This article delves into some details on what constitutes "eating together" for the requirement of zimun. I see that there is a dispute regarding what happens when some people leave in the middle or others join at the end.

Let's say you have a group of 10 people travelling in 2 cars that follow each other constantly - 5 in each car. All 10 people stop at a rest stop, wash hands, and are about to sit together at a picnic table when they see a funnel cloud in the distance. They jump in their cars, and since they made the bracha for washing hands, they eat bread in the cars.

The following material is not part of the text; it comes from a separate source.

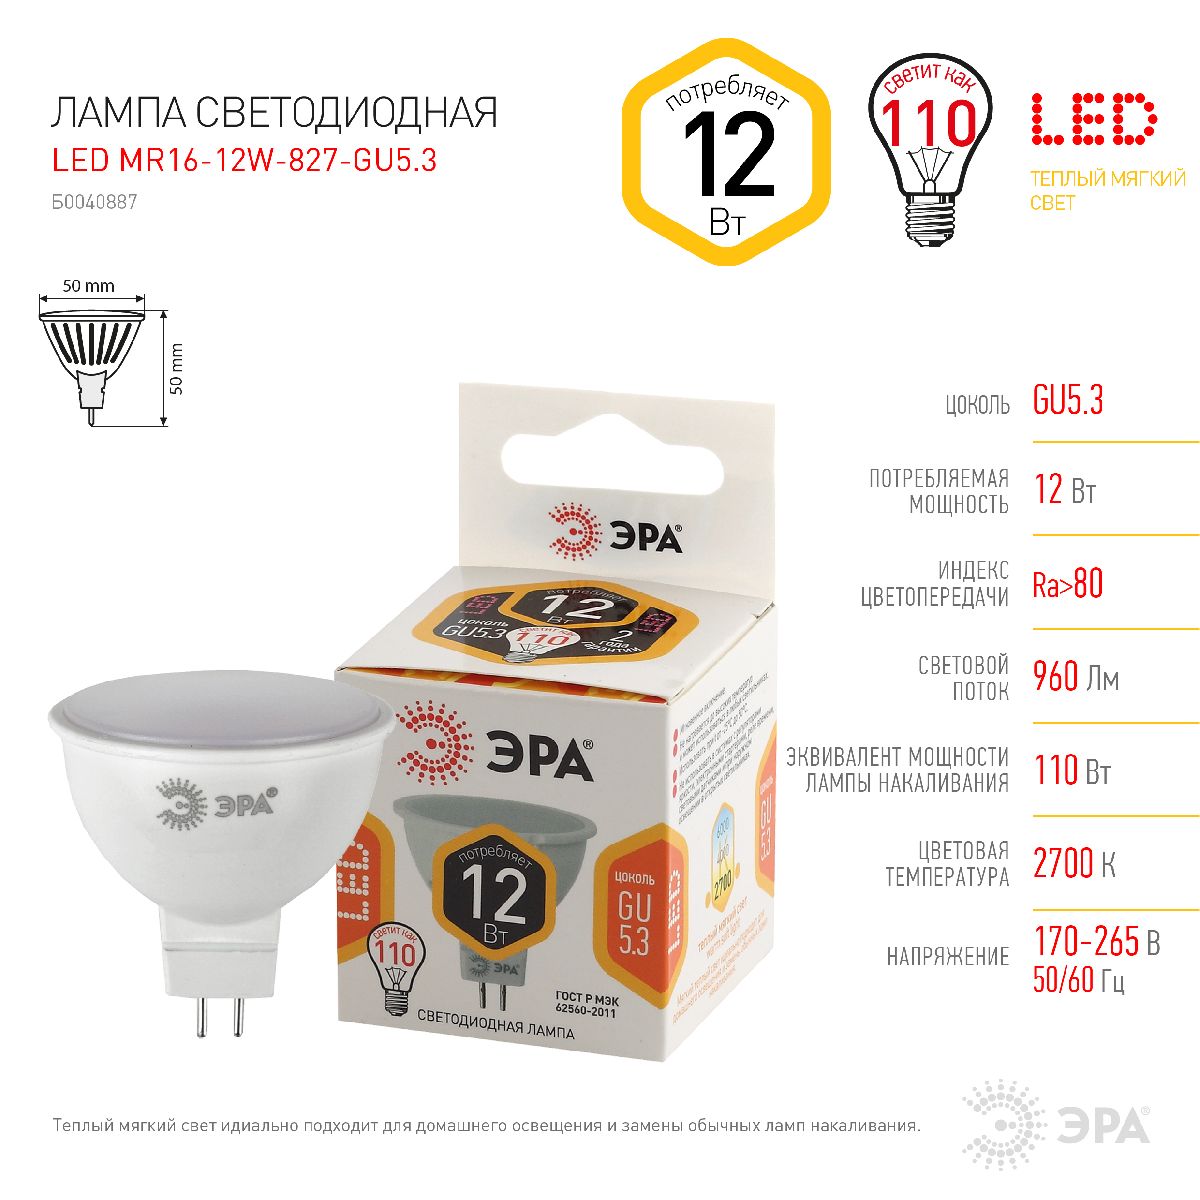 Лампа светодиодная Эра GU5.3 12W 2700K LED MR16-12W-827-GU5.3 Б0040887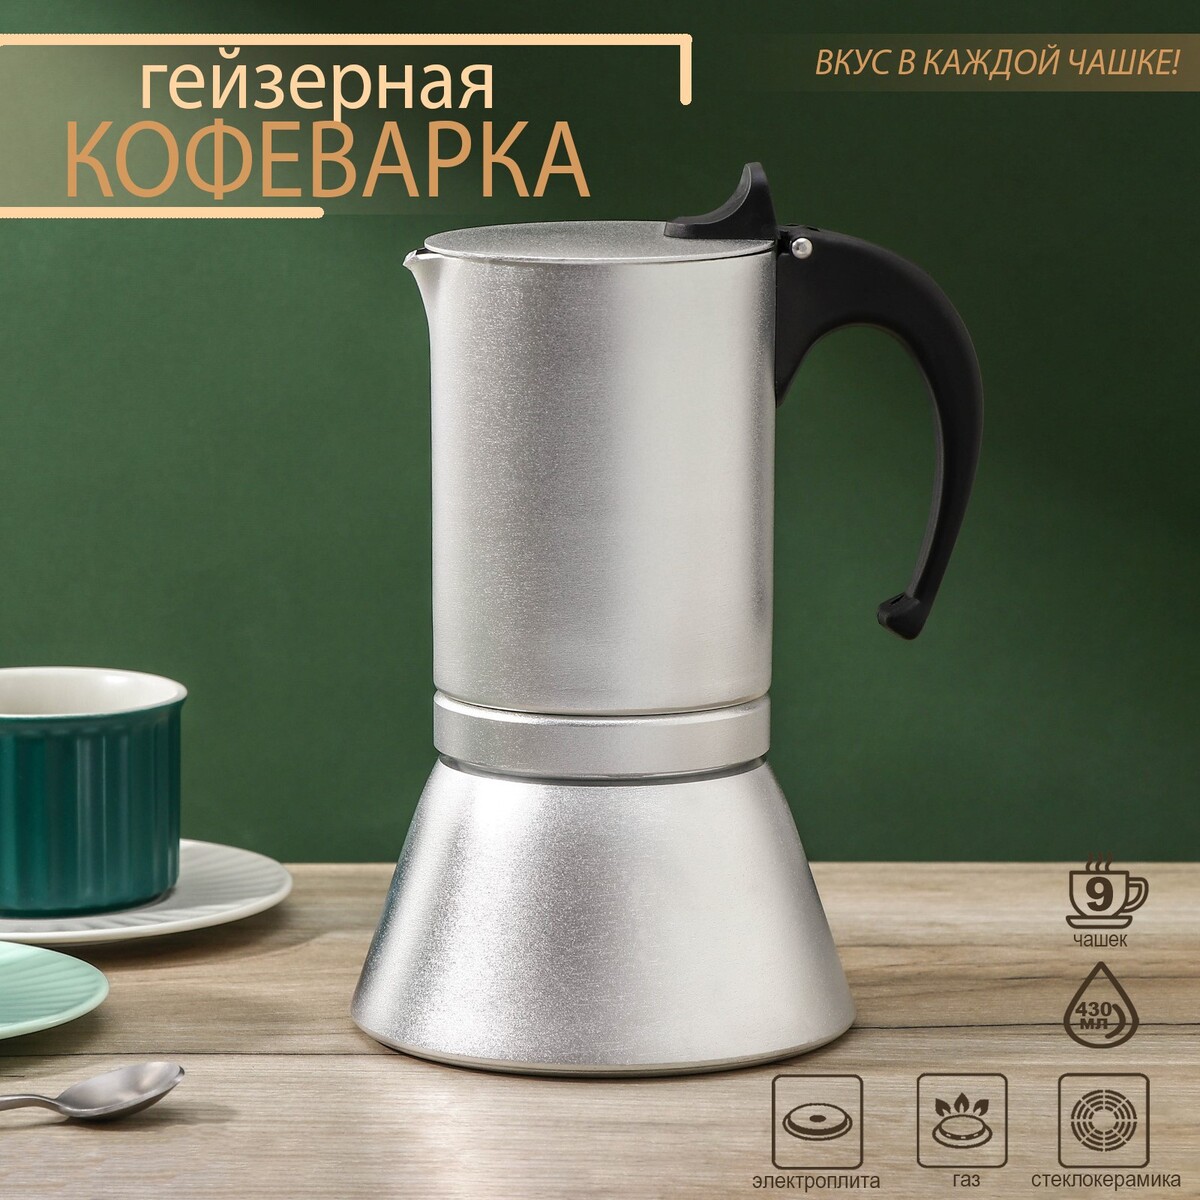 Кофеварка гейзерная magistro salem, на 9 чашек, 430 мл, индукция кофеварка гейзерная 330 мл vinzer latte nero 6 чашек

About an hour later, they meet again at another rest stop. They don't eat anything, there.

Can they make a joint 10 zimun saying Elokenu? (They washed together and had intent to begin together and they are one "group") Or, should each group of 5 make their own "3-person" zimun while riding in the car?

  • 1
    Re "when they see a funnel cloud in the distance. They jump in their cars": usually not smart. See e.g. emergency.cdc.gov/disasters/tornadoes/during.asp, spc.noaa.gov/faq/tornado/safety.html, bigthink.com/praxis/why-people-die-trying-to-outrun-tornadoes
    – msh210
    Nov 25, 2015 at 19:35
  • @msh210 I haven't read the link, but, I have studied and follow quite a bit about meteorology to know that it's not smart to outrun a tornado. However, even the National Weather Service recommends that you should try to drive parallel or in the opposite direction of the storm's movement. In my scenario, assume that's what the drivers did.
    – DanF
    Nov 26, 2015 at 1:58
  • Could get complicated. "About" an hour - more or less than 72 minutes? Could they (still within the time limit of "seudah") share a small piece of bread and then make a minyan zimmum? Would it be sufficient to share any food?
    – Epicentre
    Nov 26, 2015 at 6:26
  • @Epicentre for purposes of this discussion, assume that there is no food around, which is why I stated "they don't eat anything". I'm uncertain about the 72 minute factor that you questioned. Please explain why that matters.
    – DanF
    Nov 27, 2015 at 15:17
  • I learnt (can't source offhand) that this is a limit for a meal with bread without actually eating during which you can bentch.
    – Epicentre
    Nov 27, 2015 at 16:04

1 Answer 1


The 'eating together' that binds a group together for Zimmun would have to be eating. Preparing for the meal together, or performing any pre-meal prerequisites/rituals (such as washing hands) is not any form of kvius.

Two groups of people who eat even in the same house (which two cars do not fit that description), can only be mitztaref for Zimmun if they could see each other.

In two separate houses (which is the equivalent of two cars), the Shulchan Aruch rules that they may join together if they can see each other, provided that the Reshus Harabim does not divide between the houses.

Therefore, the street between the two cars will invalidate the Zimun.